Task requirements:
Beginning at the line that holds "What is the velocity of the cart at t = 5 s?" and continuing to the last line of the data below, transcribe every line word for word, without pictures.

─── Data block

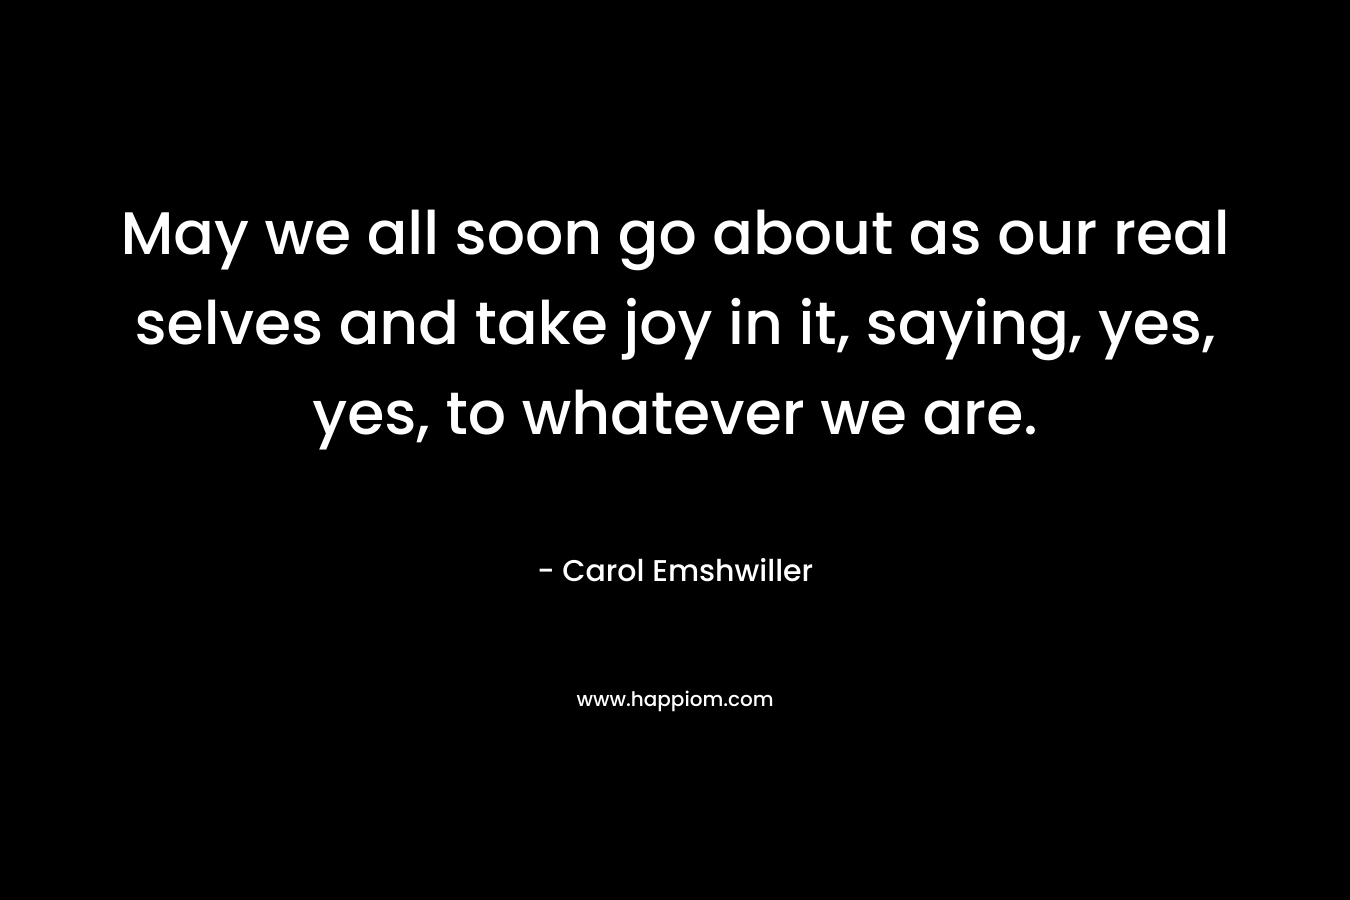 May we all soon go about as our real selves and take joy in it, saying, yes, yes, to whatever we are. – Carol Emshwiller
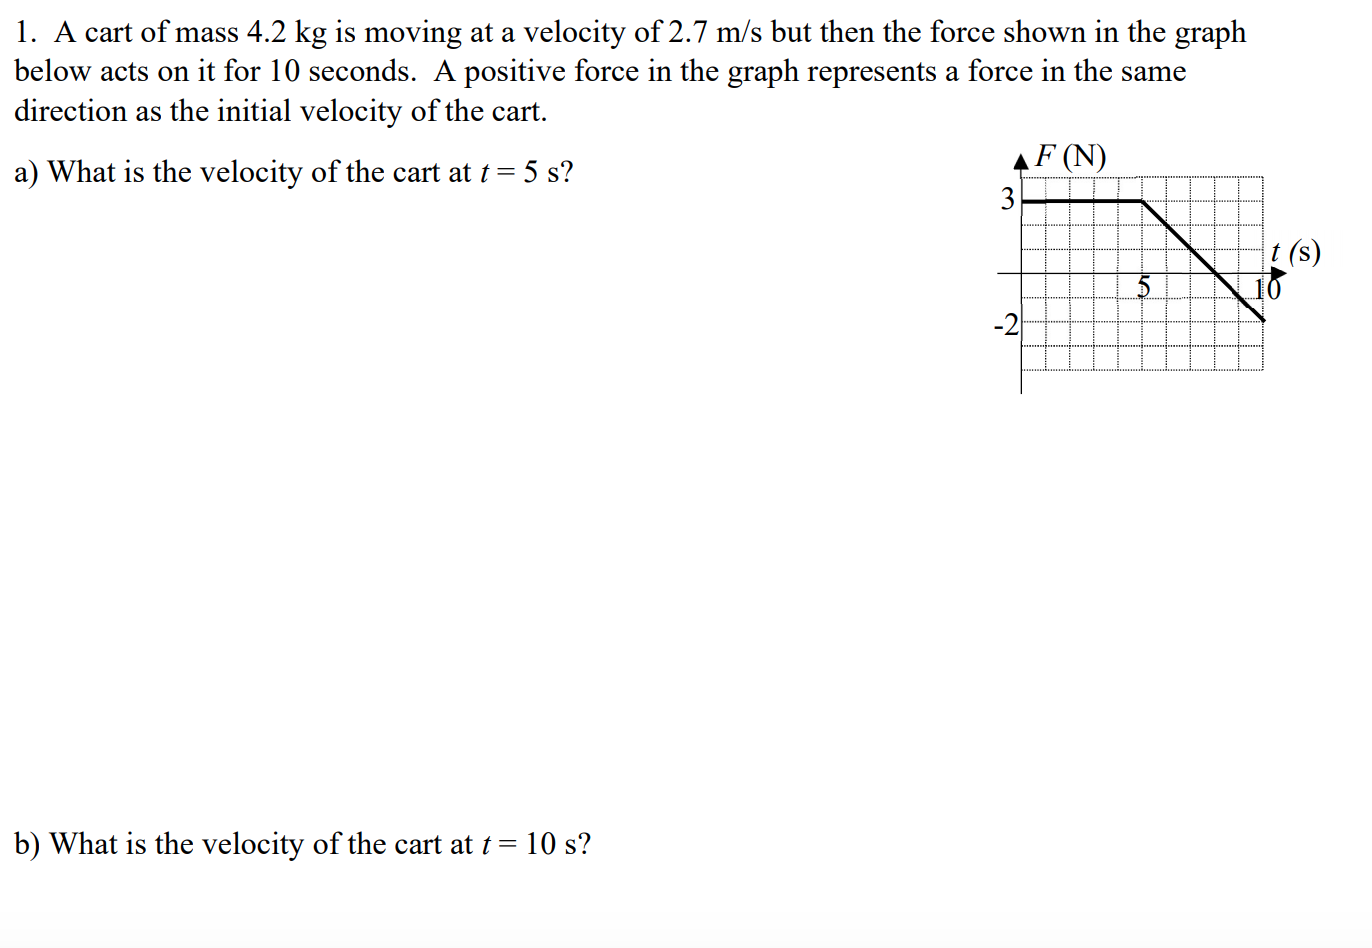 What is the velocity of the cart at t = 5 s?
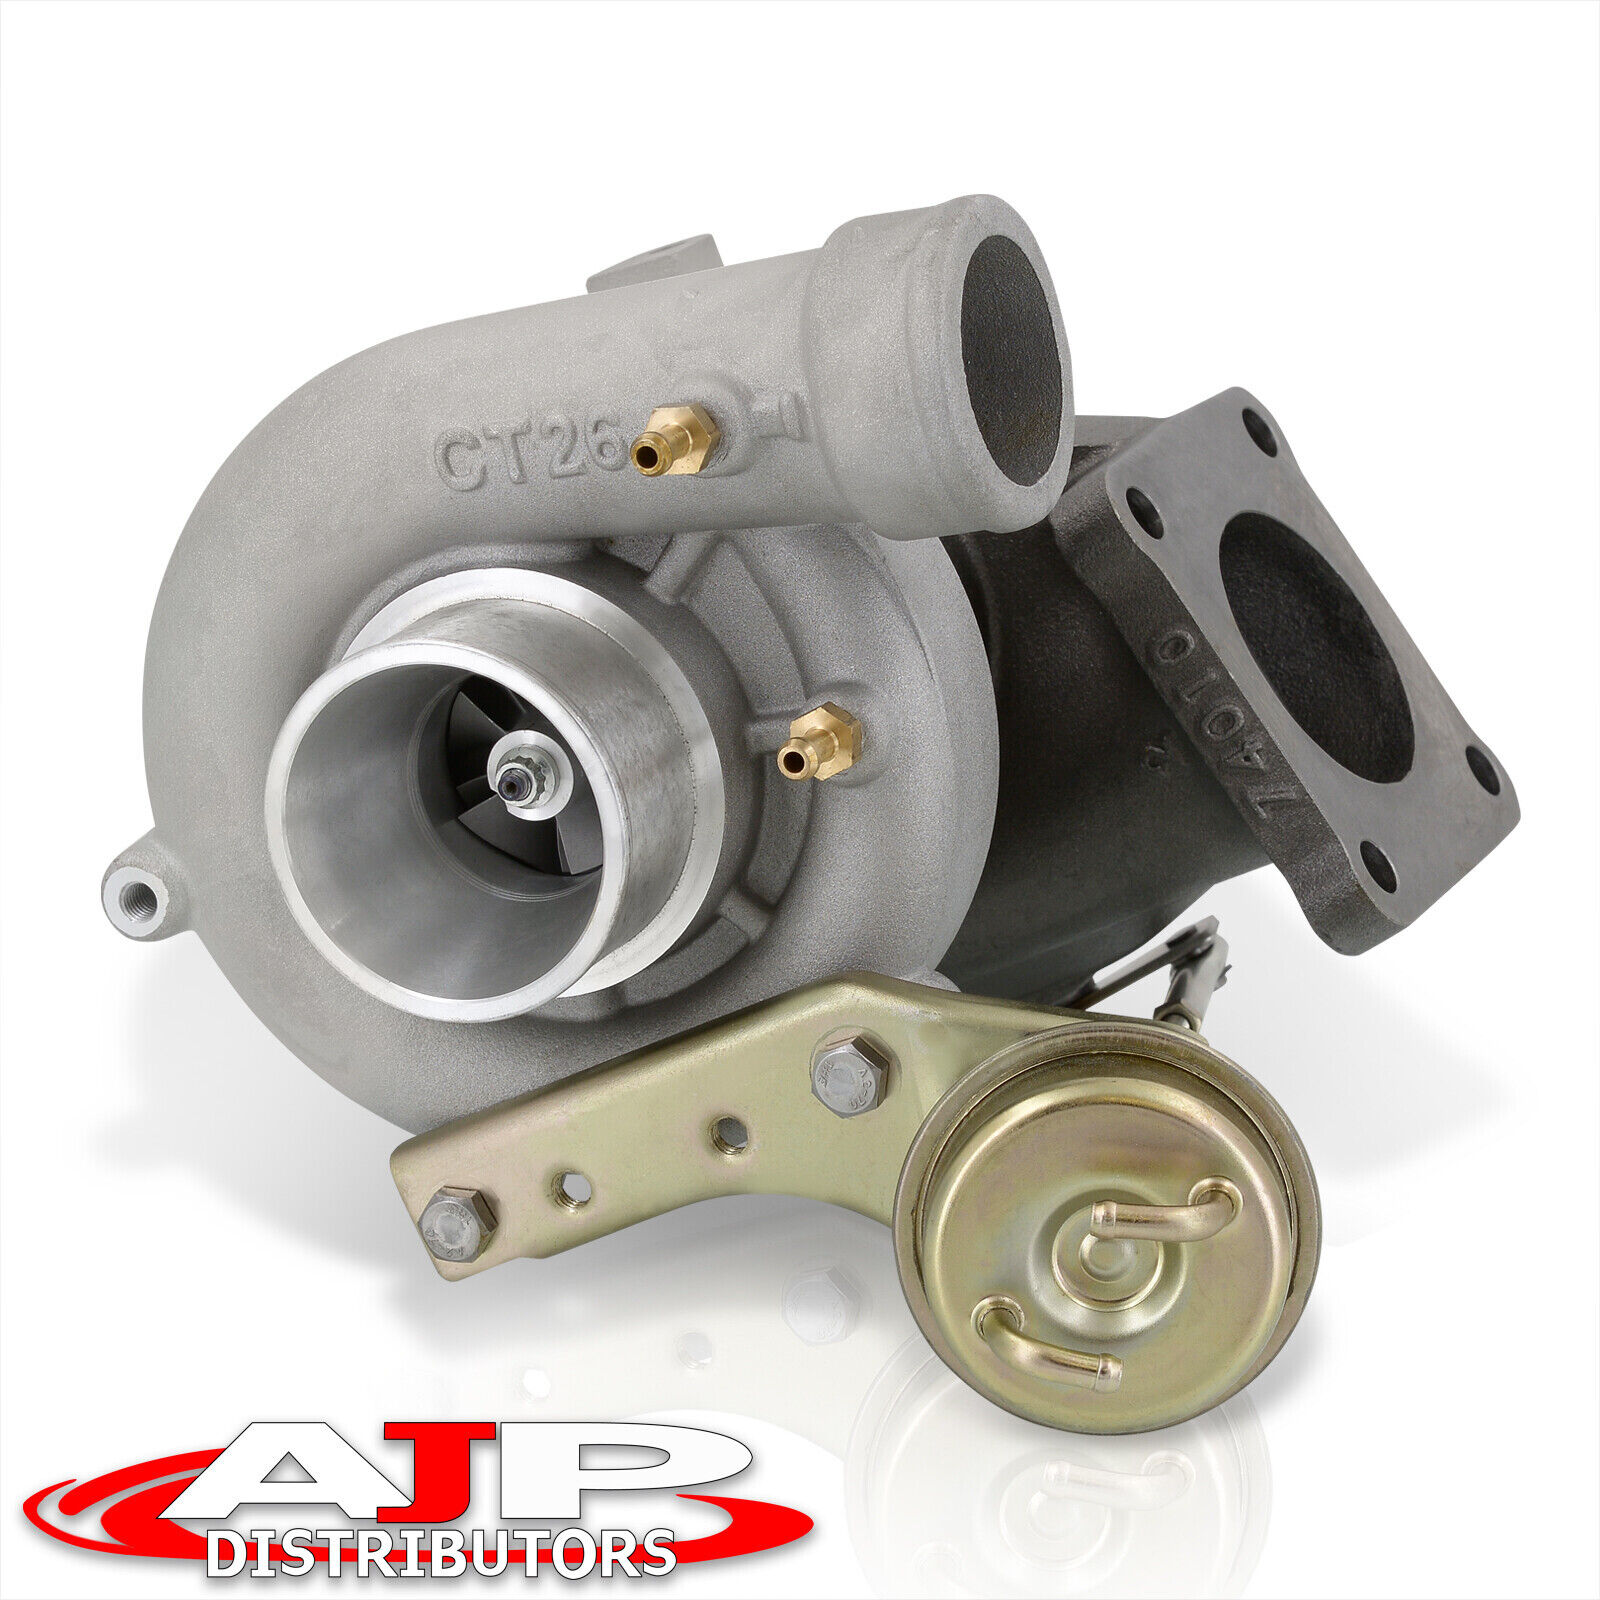 JDM Replacement CT26 Turbo Charger For 1986-1989 Toyota Celica ST165 4WD 3S-GTE

──────

Solution:
 What is the velocity of the cart at t = 5 s?
 JDM Replacement CT26 Turbo Charger For 1986-1989 Toyota Celica ST165 4WD 3S-GTE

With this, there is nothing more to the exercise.